──────── WORKING DATA ────────
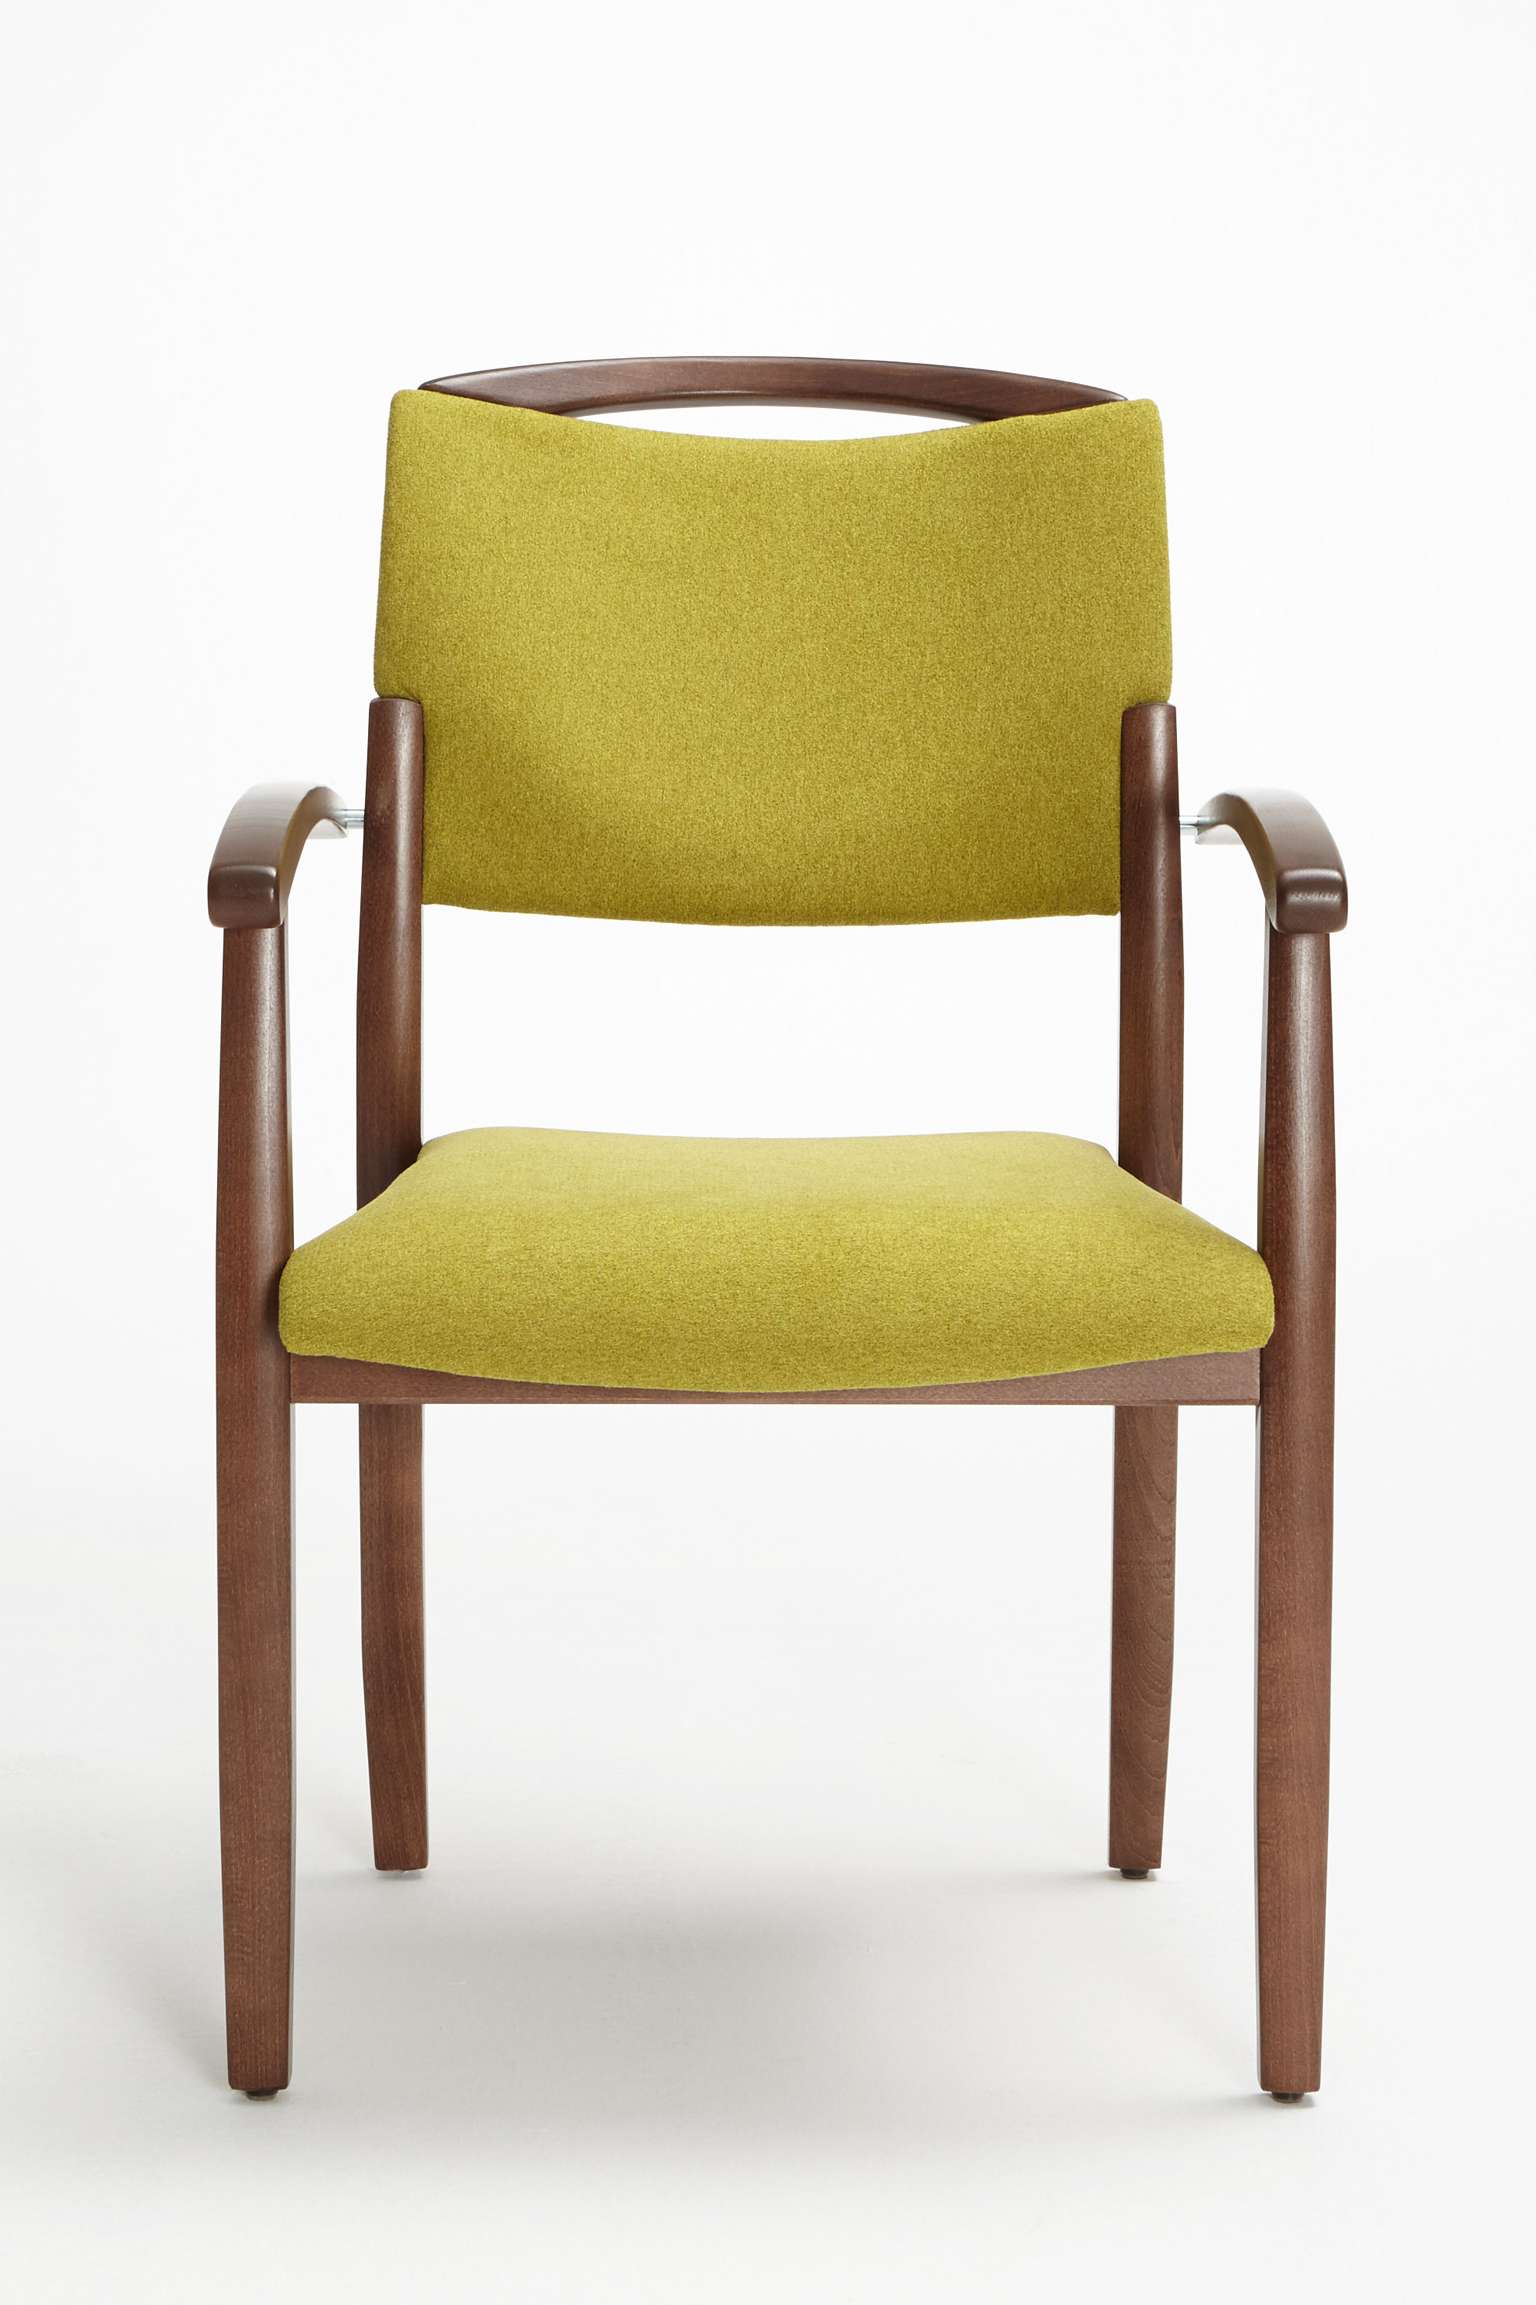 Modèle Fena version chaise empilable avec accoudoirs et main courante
────────
──────── WORKING DATA ────────
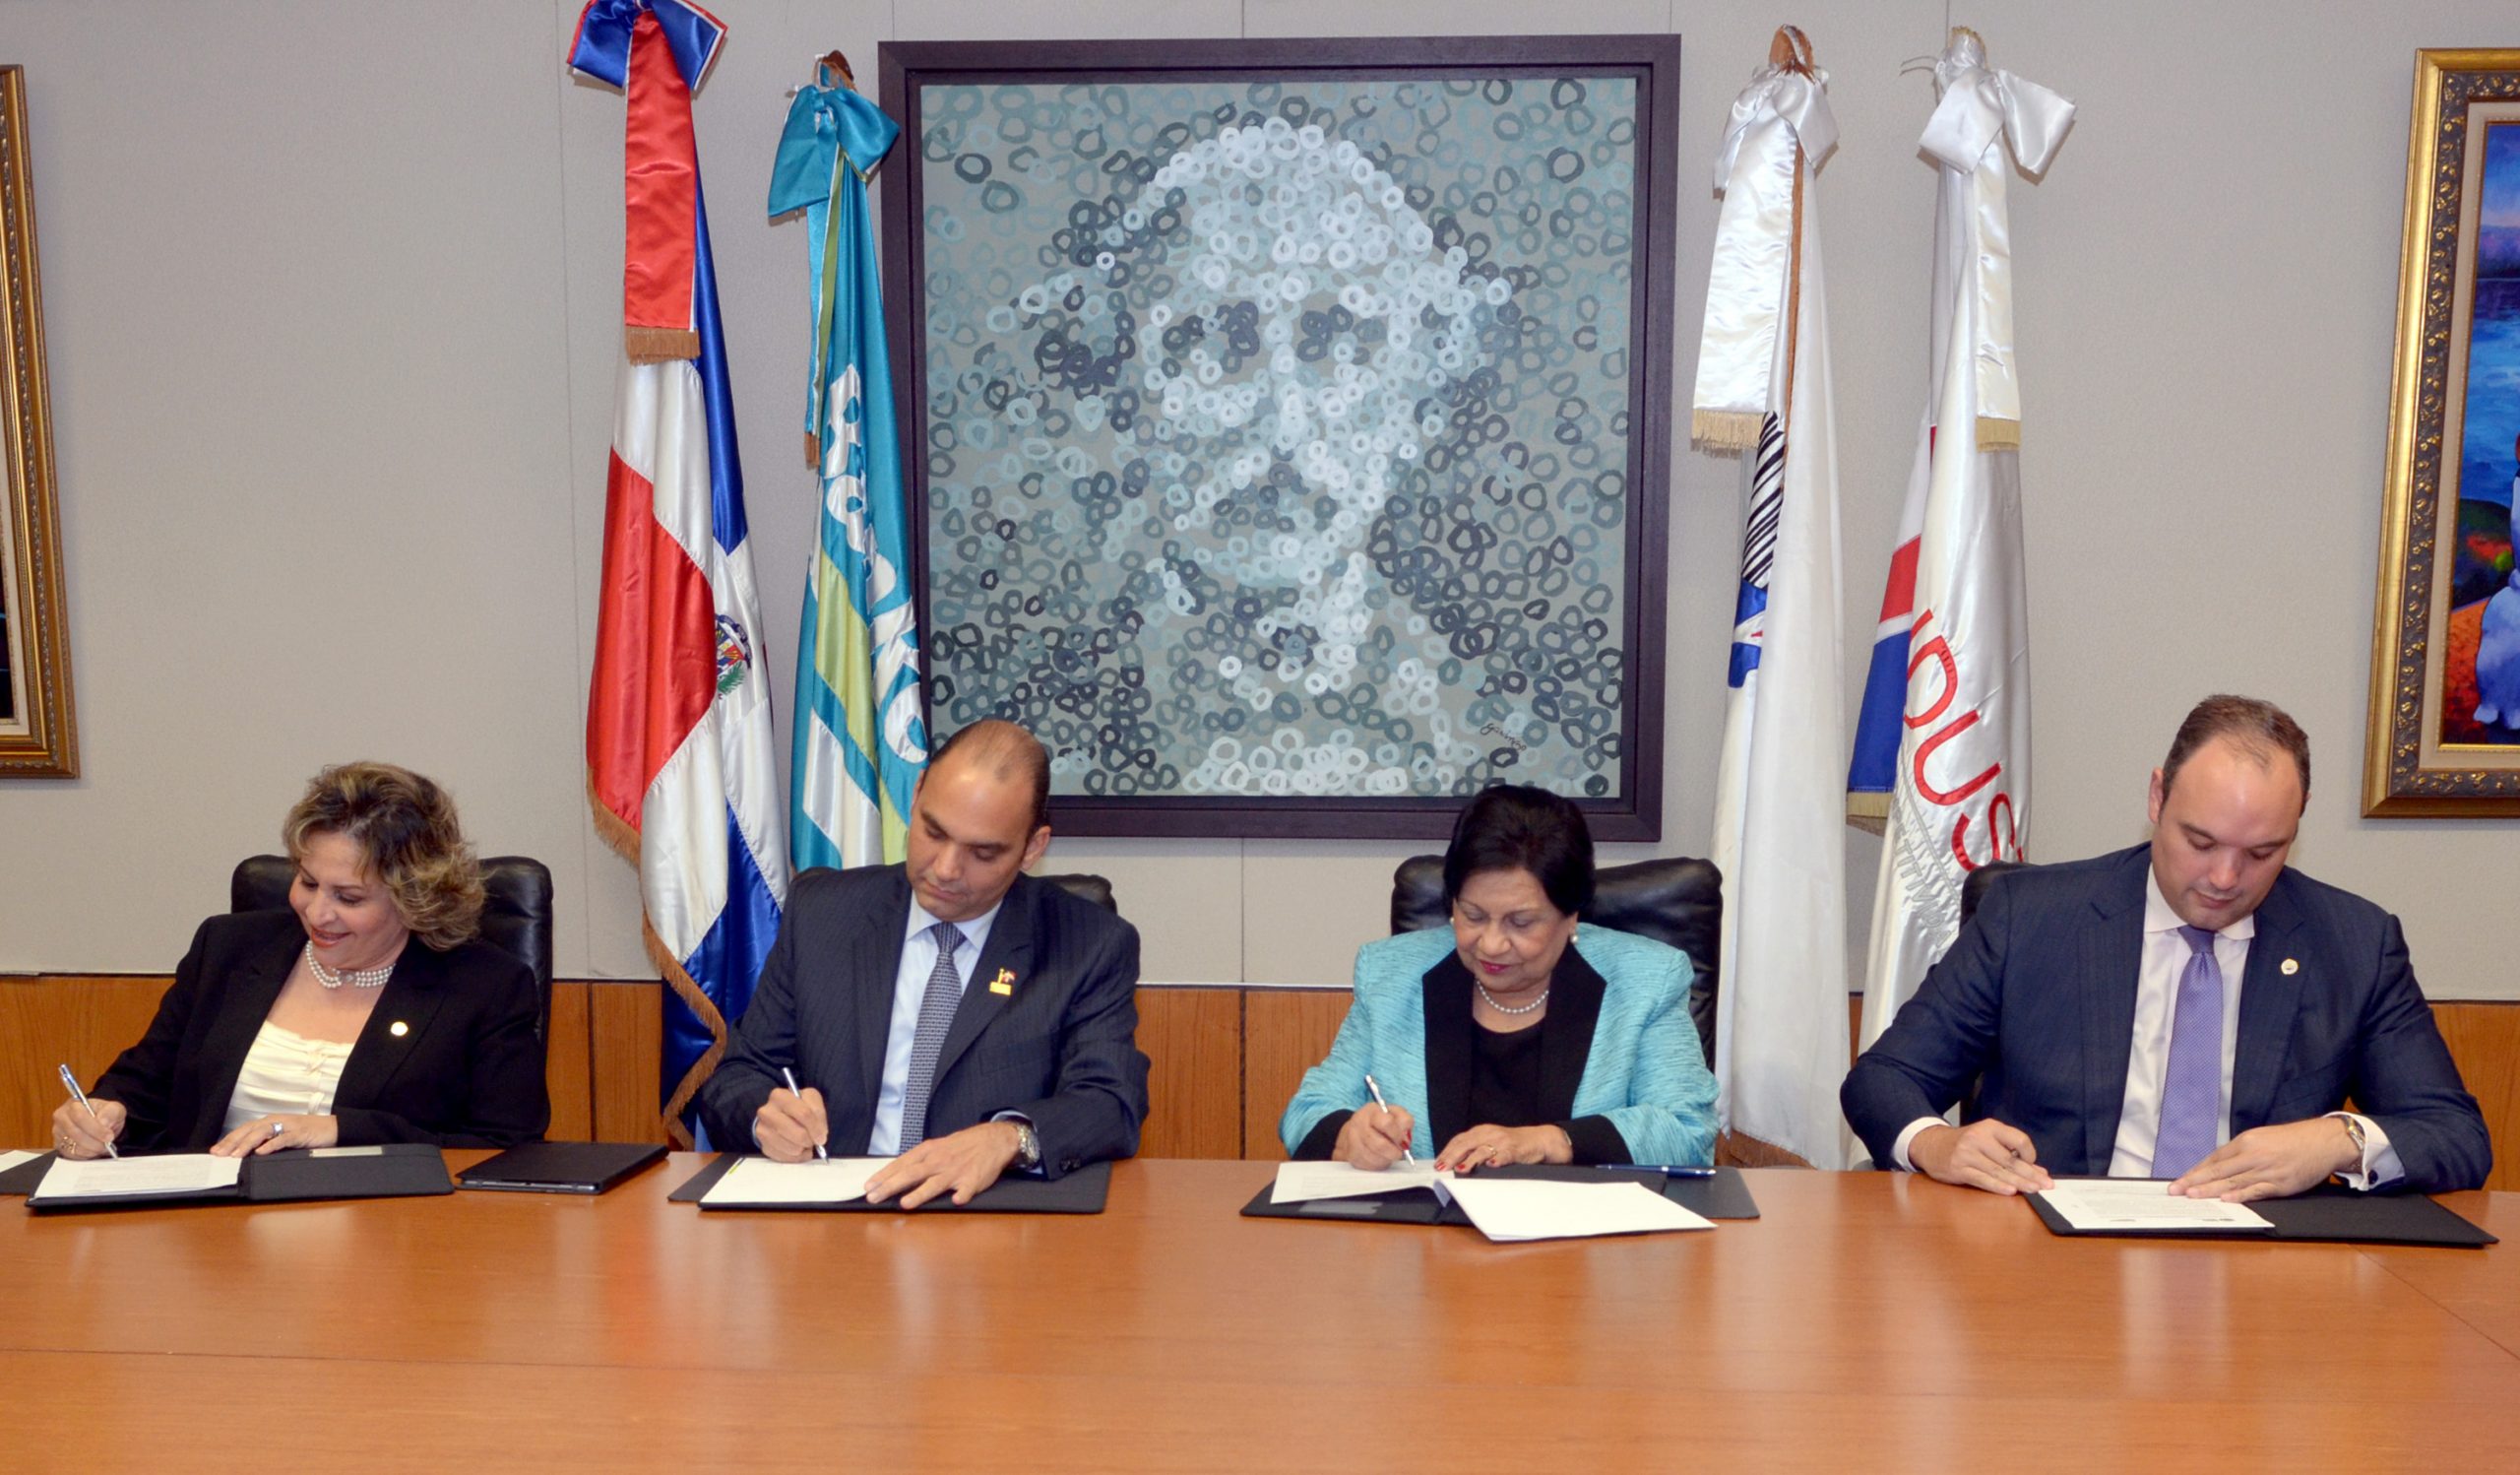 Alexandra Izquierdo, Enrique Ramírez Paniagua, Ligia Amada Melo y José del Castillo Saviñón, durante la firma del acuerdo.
────────
──────── WORKING DATA ────────
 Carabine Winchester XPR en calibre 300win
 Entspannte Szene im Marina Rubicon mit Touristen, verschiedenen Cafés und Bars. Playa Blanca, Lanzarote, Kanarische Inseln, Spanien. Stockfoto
────────
- **DIRECTIONS FOR THIS TASK**
Could you transcribe the entries above word for word, from the line with "Carabine Winchester XPR en calibre 300win" down to the line with "Entspannte Szene im", keeping both?

- **EXERCISE SOLUTION**
 Carabine Winchester XPR en calibre 300win
 Entspannte Szene im Marina Rubicon mit Touristen, verschiedenen Cafés und Bars. Playa Blanca, Lanzarote, Kanarische Inseln, Spanien. Stockfoto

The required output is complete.